Comparing the new technology to the Fourth Amendment’s traditional protection of information in peoples’ homes, the Supreme Court could not have been more clear-cut. As it observed, the search of a cell phone “would typically expose to the government far more than the most exhaustive search of a house: A phone not only contains in digital form many sensitive records previously found in the home; it also contains a broad array of private information never found in a home in any form.”

While all this is of huge importance, the significance of the Supreme Court’s decision does not stop there. Just as Justice Sotomayor pointed in 2012 toward a next set of important questions, so did Chief Justice Roberts this past week. This is because his opinion included the Court’s first explicit discussion of privacy in the context of cloud computing.

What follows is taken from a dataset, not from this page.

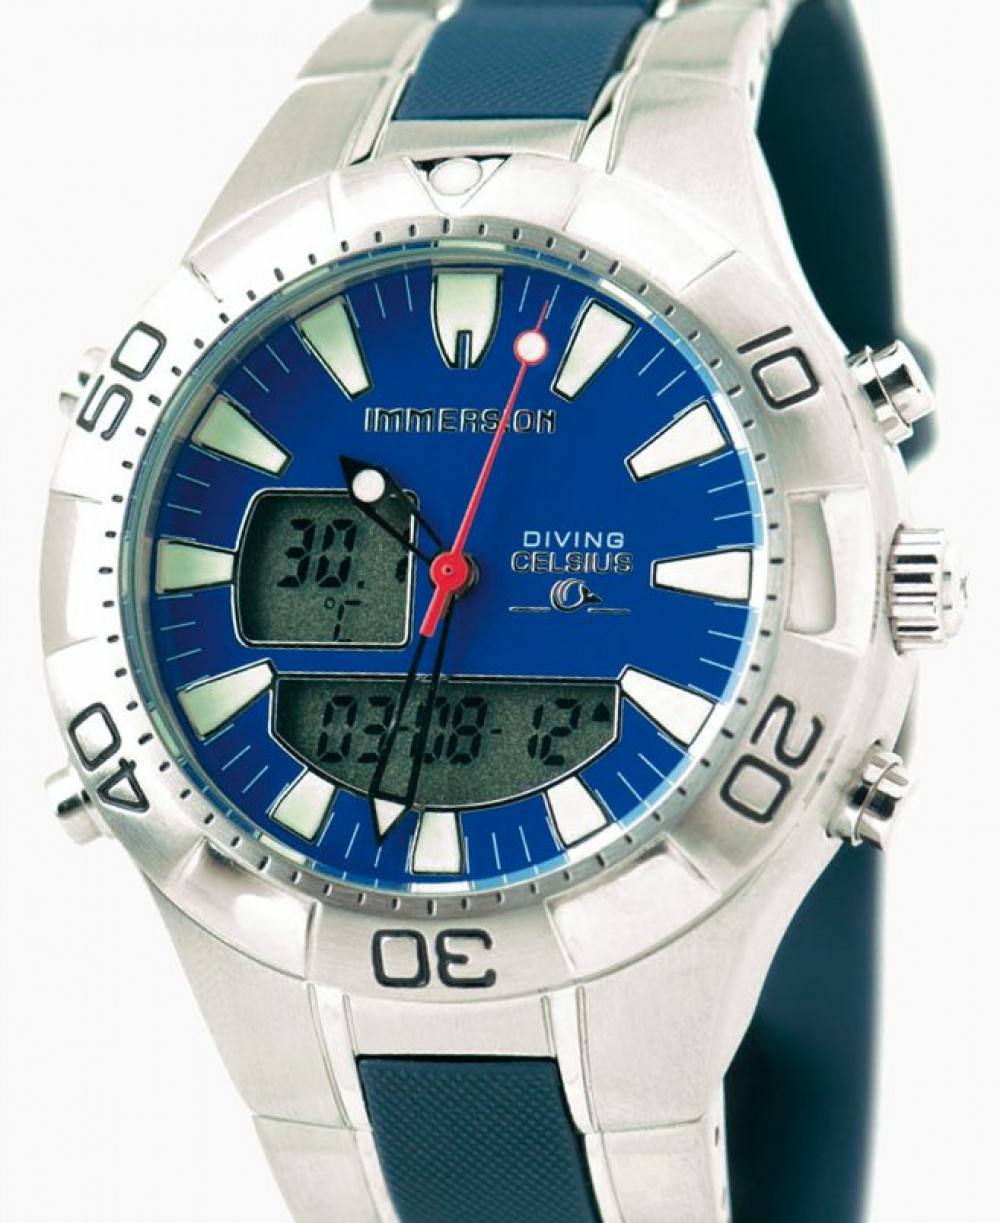 Zegarek firmy Immersion, model Celsius

As the opinion noted, “the data a user views on many modern cell phones may not in fact be stored on the device itself.” While the Court was not presented with the search warrant requirements applicable to accessing a data center from a remote location, it nonetheless observed that “the same type of data may be stored locally on the device for one user and in the cloud for another.” This provided the Court with an additional reason to uphold rather than minimize privacy protection. Chief Justice Roberts pointed to “the possibility that a search might extend well beyond papers and effects in the physical proximity of an arrestee” and concluded that this was “yet another reason that the privacy interests here dwarf those” that the Court had considered in an earlier case in 1973. For those of us at Microsoft and other tech companies who are seeking to ensure that the Fourth Amendment protects information stored in the cloud, these are encouraging words.

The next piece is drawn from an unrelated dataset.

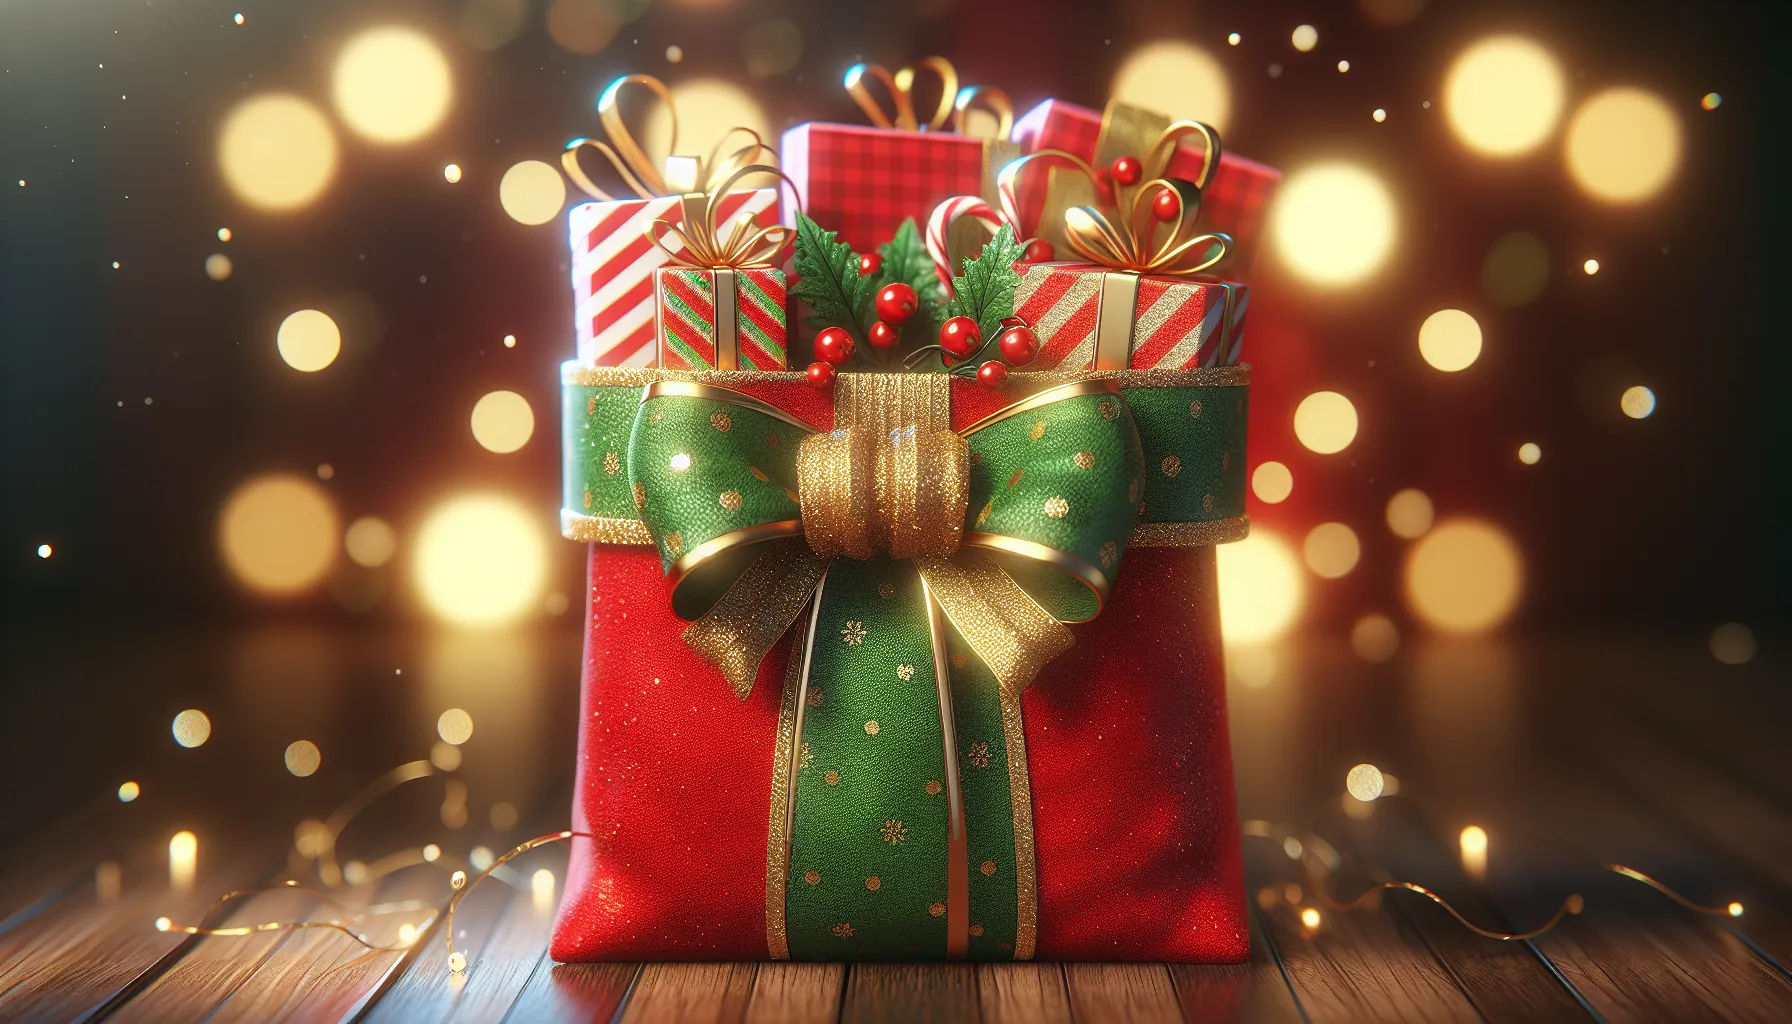 A sacolinha de Natal é um pequeno saco ou bolsa decorada que é usada para presentear pessoas durante a época de Natal. Ela é geralmente feita de tecido ou papel e é preenchida com presentes, doces ou outros itens festivos. A sacolinha de Natal é uma forma popular de compartilhar a alegria e o espírito natalino com amigos, familiares e colegas. É uma tradi

The Supreme Court’s decision is all the more interesting given the past month’s developments in the House of Representatives. By a lopsided bi-partisan vote of 293-to-123, the House approved an amendment to a defense spending bill to prohibit government agencies from using funds to require Internet service providers to give the government direct access to their servers or to access private electronic communications without a warrant. Similarly, a majority of House members have now signed as co-sponsors on legislation to amend the Electronic Communications Privacy Act to ensure that the authorities obtain a lawful warrant before accessing stored email content, regardless of how old the email may be or where it is stored.

At a time when many Americans think of Washington, D.C. as the capital of gridlock, both the judicial and legislative branches have taken new steps to protect privacy. It’s not unreasonable to hope that now more than ever, there is an important opportunity to bring people together to address next-generation privacy issues. The ultimate answer will lie not in pitting public safety, technology, and privacy against each other. Rather, as I had the opportunity to discuss at the Brookings Institution the day before the Supreme Court’s decision, the challenge is to find new ways to recognize and balance all three of these needs.

This is not to suggest that the issues are easy. As Chief Justice Roberts recognized, “privacy comes at a cost.” But as the Court’s decision makes clear, privacy is also an important and enduring value. As we look back on the privacy week that was, there’s an opportunity for all of us to take inspiration from a unanimous Court and pursue new paths that will enable privacy, safety and technology to move forward together.